One way to do this is through progressive muscle relaxation. This technique teaches you to tense and relax muscles throughout your body. It creates bodily awareness by connecting the mind to the areas where tension is created. 

Starting with your feet and other muscles, you can stretch out gently to relax. Or you can meditate for a while to focus on the breath that can help your body prepare for sleep better. 

The key to relaxation techniques isn’t to worry about getting enough sleep. Once you begin worrying about rest, you create the self-inflicting problem of not sleeping. Focus on your mind and body, nothing else. 

Bathe With Warm Water 

After long Woking hours, you can choose to take a shower with warm water before going to bed. The warm water will help the body and the mind relax. Your body will feel fresher and even energetic, promoting better sleep.  

Stay away from caffeine, take soft and light drinks before going to bed, such as a glass of warm milk mixed with honey, chamomile tea, or mint tea.
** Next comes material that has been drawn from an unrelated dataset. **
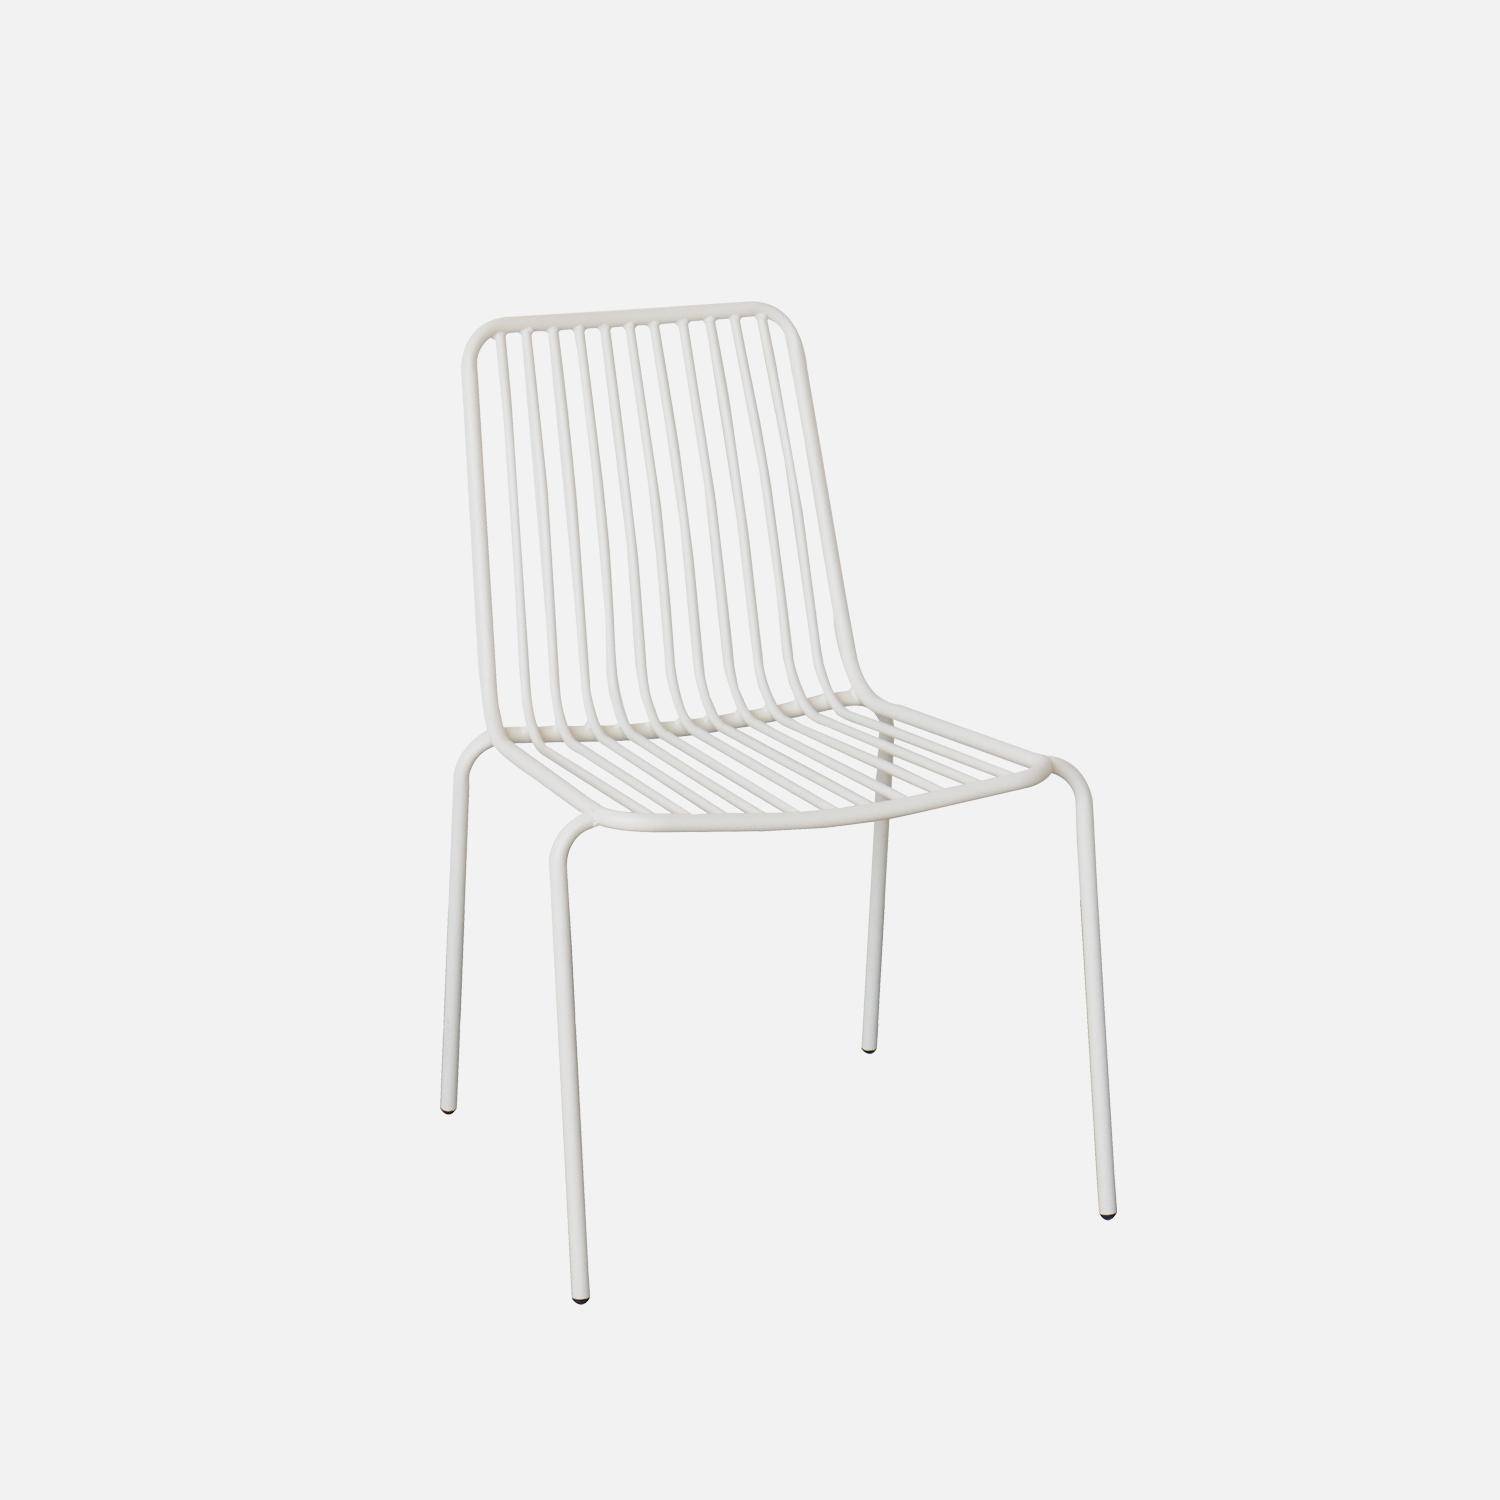 Lot de 2 chaises de jardin en acier blanc , empilables, design linéaire ,sweeek,Photo2

These are excellent drinks to help the body easily fall asleep. You can use the bottles while reading or writing before going to bed. 

Create A Fixed Cycle For Sleep 

Cycle For Sleep 

Adjusting a bedtime and waking up routine will help the body get into a habit usually called a circadian rhythm. Although this could be hard and challenging due to our busy lifestyles, it can help you. You will stay healthy and even get a more long term plan in life. 

Get in the habit of going to bed and getting up early in the morning. After some time, you get used to it, and it becomes a natural habit that makes you feel good. 

Add Some Essential Nutrients 

Essential nutrients are also important factors that can bring you a good sleep. Calcium, magnesium, vitamin B, D3, or omega 3 are the right natural nutrients for rest. These nutrients will not only make you fall asleep but also help in the boosting of your overall health.  

Conclusion  

Sleep is a vital role for every human being. How to have a better sleep will mainly depend on how we are preparing our bodies both mentally and physically. Although our habits have changed over the years, the average time of rest for children is 9 hours.  

 For teenagers, they should have 8 hours of sleep, and for the adults about 6-7 hours of sleep. When you have enough sleep, this helps in the improvement of your overall health and will keep you more active in the day.  

Moreover, all you need doing is transforming from how to get better sleep to why you need fantastic rest. Usually, there is always an underlying issue that blocks your ability to going to bed. Above are some of the critical tips you can bear in mind, and you shall have that sweet, perfect sleep.